Chief Justice Roberts comments on the limits of the Commerce Clause in the National Federation of Independent Business v. Sebelius (Obamacare) decision:

People, for reasons of their own, often fail to do things that would be good for them or good for society. Those failures—joined with the similar failures of others—can readily have a substantial effect on interstate commerce. Under the Government’s logic, that authorizes Congress to use its commerce power to compel citizens to act as the Government would have them act.

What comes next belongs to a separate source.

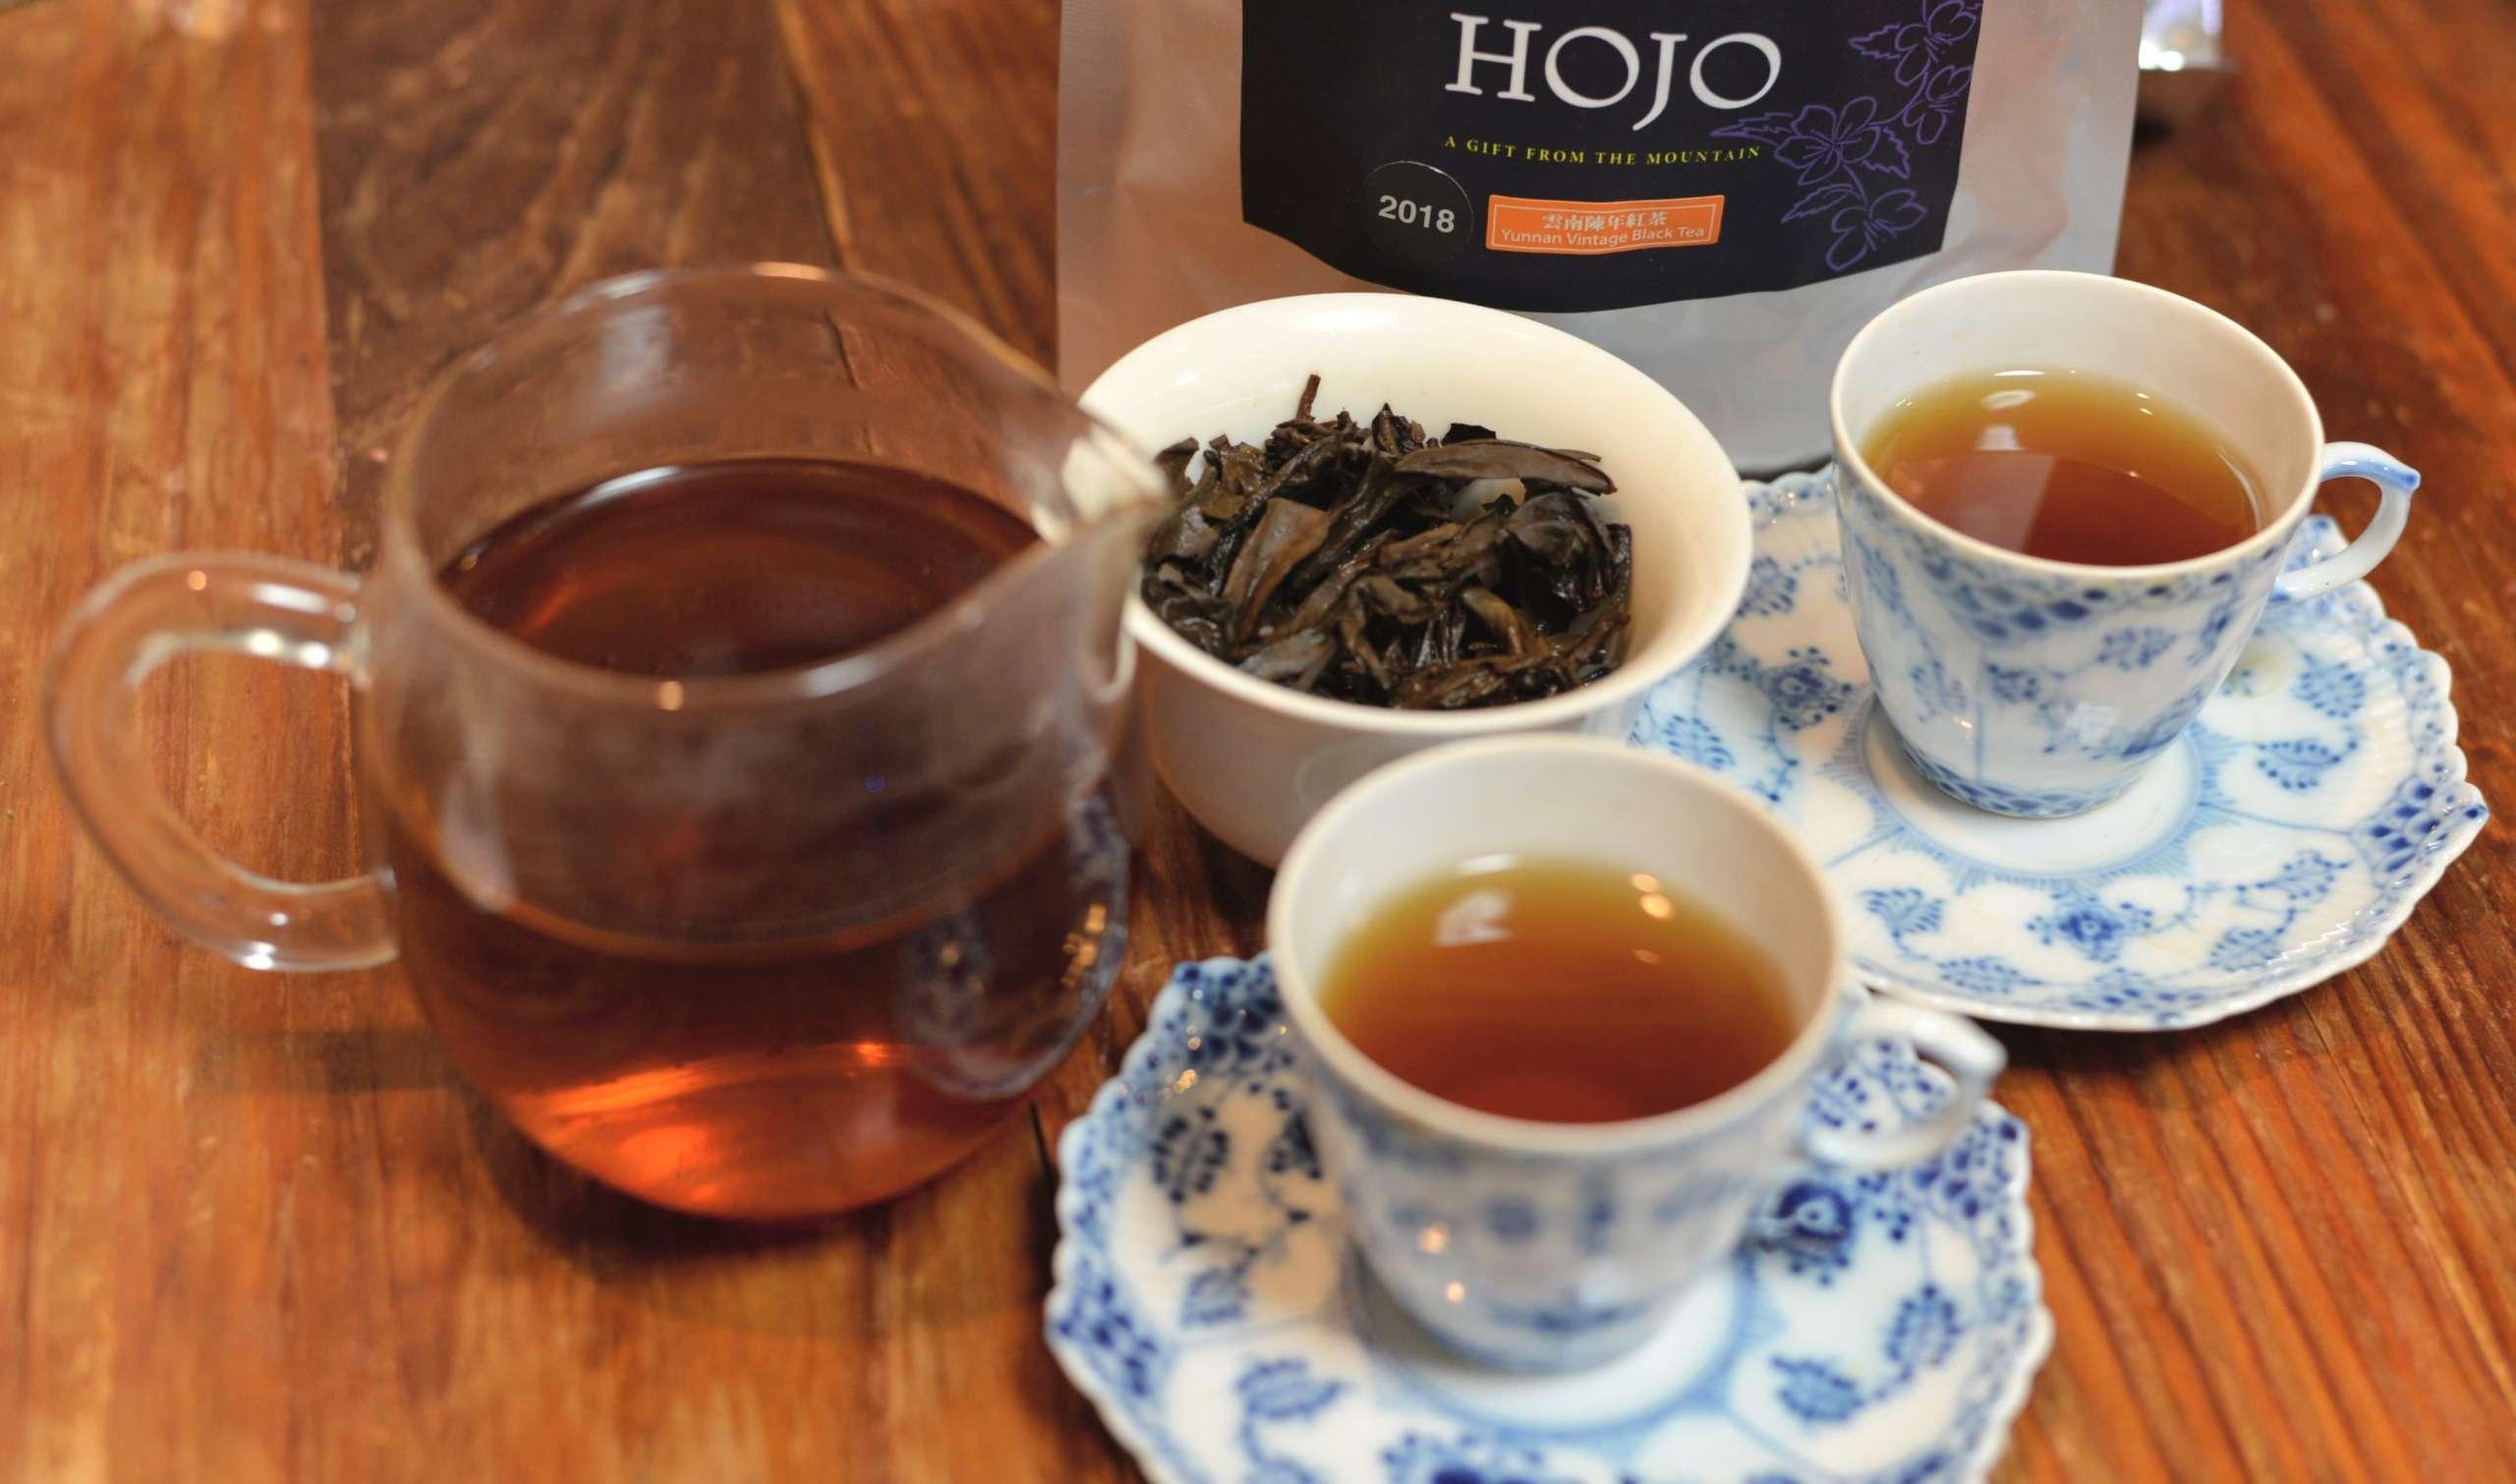 雲南陳年紅茶を飲む

That is not the country the Framers of our Constitution envisioned. James Madison explained that the Commerce Clause was “an addition which few oppose and from which no apprehensions are entertained.” The Federalist No. 45, at 293. While Congress’s authority under the Commerce Clause has of course expanded with the growth of the national economy, our cases have “always recognized that the power to regulate commerce, though broad indeed, has limits.” Maryland v. Wirtz, 392 U. S. 183, 196 (1968). The Government’s theory would erode those limits, permitting Congress to reach beyond the natural extent of its authority, “everywhere extending the sphere of its activity and drawing all power into its impetuous vortex.” The Federalist No. 48, at 309 (J. Madison). Congress already enjoys vast power to regulate much of what we do. Accepting the Government’s theory would give Congress the same license to regulate what we do not do, fundamentally changing the relation between the citizen and the Federal Government.